The calculator 130 is electrically connected to the signal converter 120 to receive the count values for the number of cluster signals. By converting the above coefficient values, the neutron multiplier is calculated, which is expressed as the neutron multiplication distribution. The discriminator 135 determines the nuclide of the nuclear material by comparing the distribution of the multiplier with the distribution of the standard multiplier by nuclide. The discriminator 135 may be classified in the form of a separate calculator, but if the calculator 130 is a conventional computer, it may form part of its processor. In this case, the discriminator 135 is shown as part of the calculator 130.

Ancillary equipment such as an amplifier and / or a multi-wavelength analyzer may be connected between the neutron detector 110 and the signal converter 120. An amplifier amplifies the neutron detection signal, and a multi-wavelength analyzer can separate the detection signal from noise.

FIG. 2 is a conceptual diagram for describing a method of calculating a clustered neutron number output by the signal converter 120 from the neutron signal detected by the neutron detector 110 of FIG. 1.

Referring to this figure, neutrons are detected in a cluster within a specific time range over time. These clustered neutrons, as mentioned earlier, are called clustered neutrons. In this example, the neutron communities are divided into four clusters (A to D). If the quantity of nuclear material is small, there is little redundancy between adjacent communities.

The signal converter 120 counts the number of neutrons for a certain time interval (G). At this time, for each neutron, the number of neutron detections during the interval G is counted from the time when the neutrons are detected.

Specifically, the signal converter 120 outputs event values at the R + A gate and the A gate, respectively. R stands for Real event, A stands for Accidental event, and the value to know for multiplication distribution measurement is related to R. The outputs from the two gates are related to each other so that R can be solved by using known mathematical methods, rather than simply subtracting A from R + A. Based on this, the distribution measure of the multiplication factor is counted. Although it is preferable to measure the multiplier distribution through the R value, an ideal experimental condition with a small amount of sample and an external factor is very small, so the value of A is very small. none.

Referring back to FIG. 2, for cluster A, the coefficient value for the first neutron is two. The coefficient value for the second neutron is one. Since the neutron is not detected during the interval G from the third neutron, the coefficient value becomes O.

In the same way, the signal converter 120 outputs 3, 2, 1, 0 values for the B group, and 1,0 for the C group. The signal converter 120 outputs 5, 4, 3, 2, 1, 0 values for the D group.
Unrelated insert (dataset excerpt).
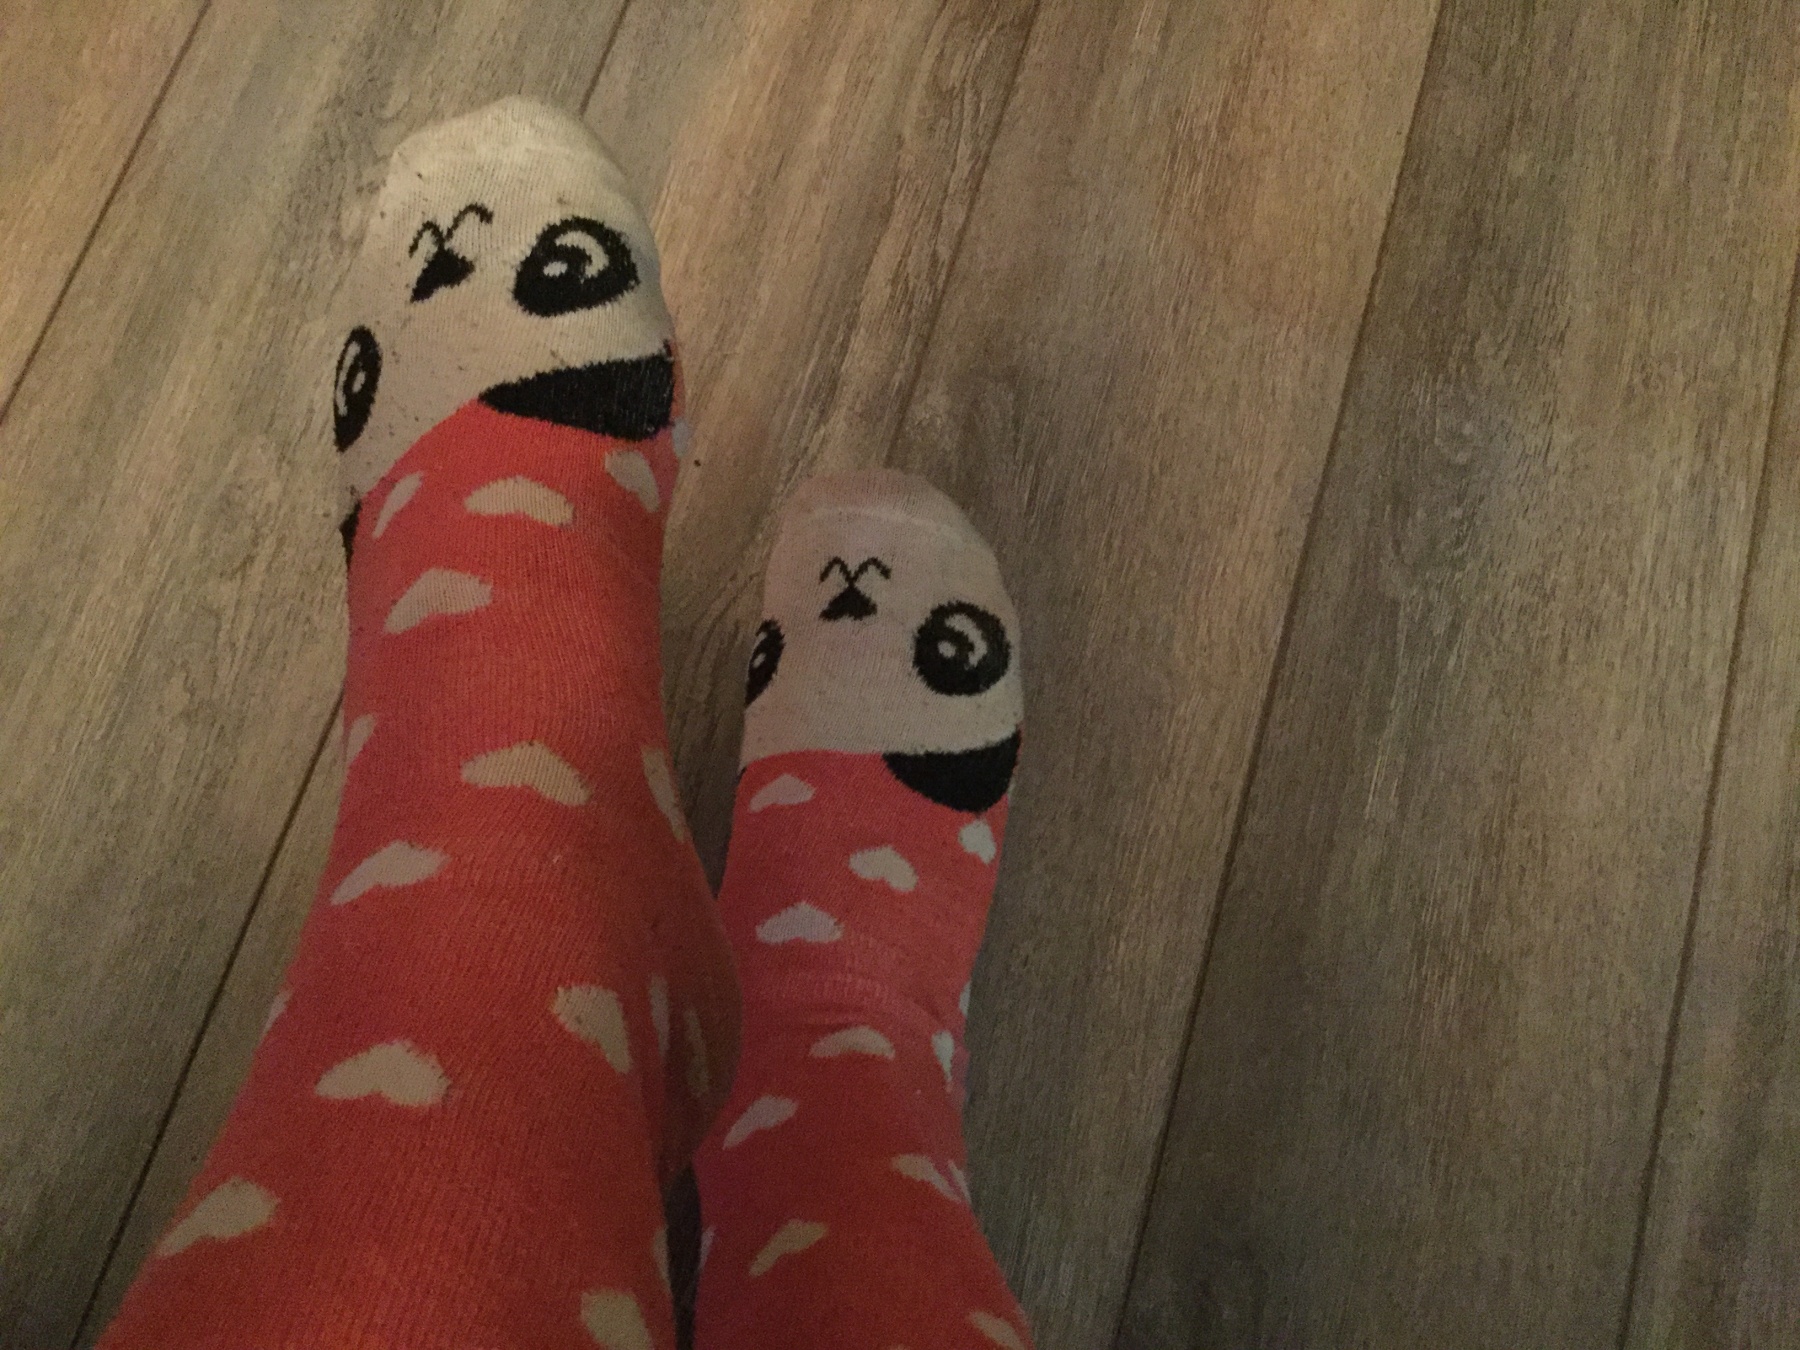 Cute pink panda 🐼 socks!

This is summarized in Table 1 below.

Cluster signal Signal converter 120 output value 0 4 One 4 2 3 3 2 4 One 5 One

In the above table, the output value of the signal converter 120 represents the number of occurrences of the number of cluster signals.

The signal converter 120 output value above is converted to obtain a neutron multiplier. This conversion is performed in such a manner that the number of cluster signals is arranged in order from the largest to the smallest, so that the output value of the signal converter 120 is exhausted from the number of cluster signals.

According to this scheme, from Table 1 above, the group of (5,4,3,2,1,0), the group of (3,2,1,0), the group of (2,1,0), and A group of (1, 0) is calculated. From each group, it can be seen that six, four, three, and two neutrons occurred in clusters, respectively. This clustering of neutron distribution is understood as neutron multiplication.

3 is a graph showing a reference distribution of neutron multipliers by nuclide.

Referring to the figure, for example, the probability that U-235 does not emit neutrons by one nuclear fission is about 0.03, and the probability of emitting one to eight is 0.18, 0.34, 0.31, 0.13, 0.03, 0.01, 0, 0. In other words, U-235 will release mainly two or three neutrons in one fission.

Cm-244 is most likely to emit three neutrons, while Cf-252 is most likely to emit four neutrons. Pu-239 is a nuclide that is likely to emit three neutrons. The distribution of neutron emission characteristics by nuclide forms a unique multiplier distribution by nuclide. Here, multiplicity refers to the number of neutrons released by one spontaneous fission or induced fission of a specific nuclide. Since neutrons released by fission are released in clusters, the number of neutrons in a cluster can be determined by the probability by the doubling distribution.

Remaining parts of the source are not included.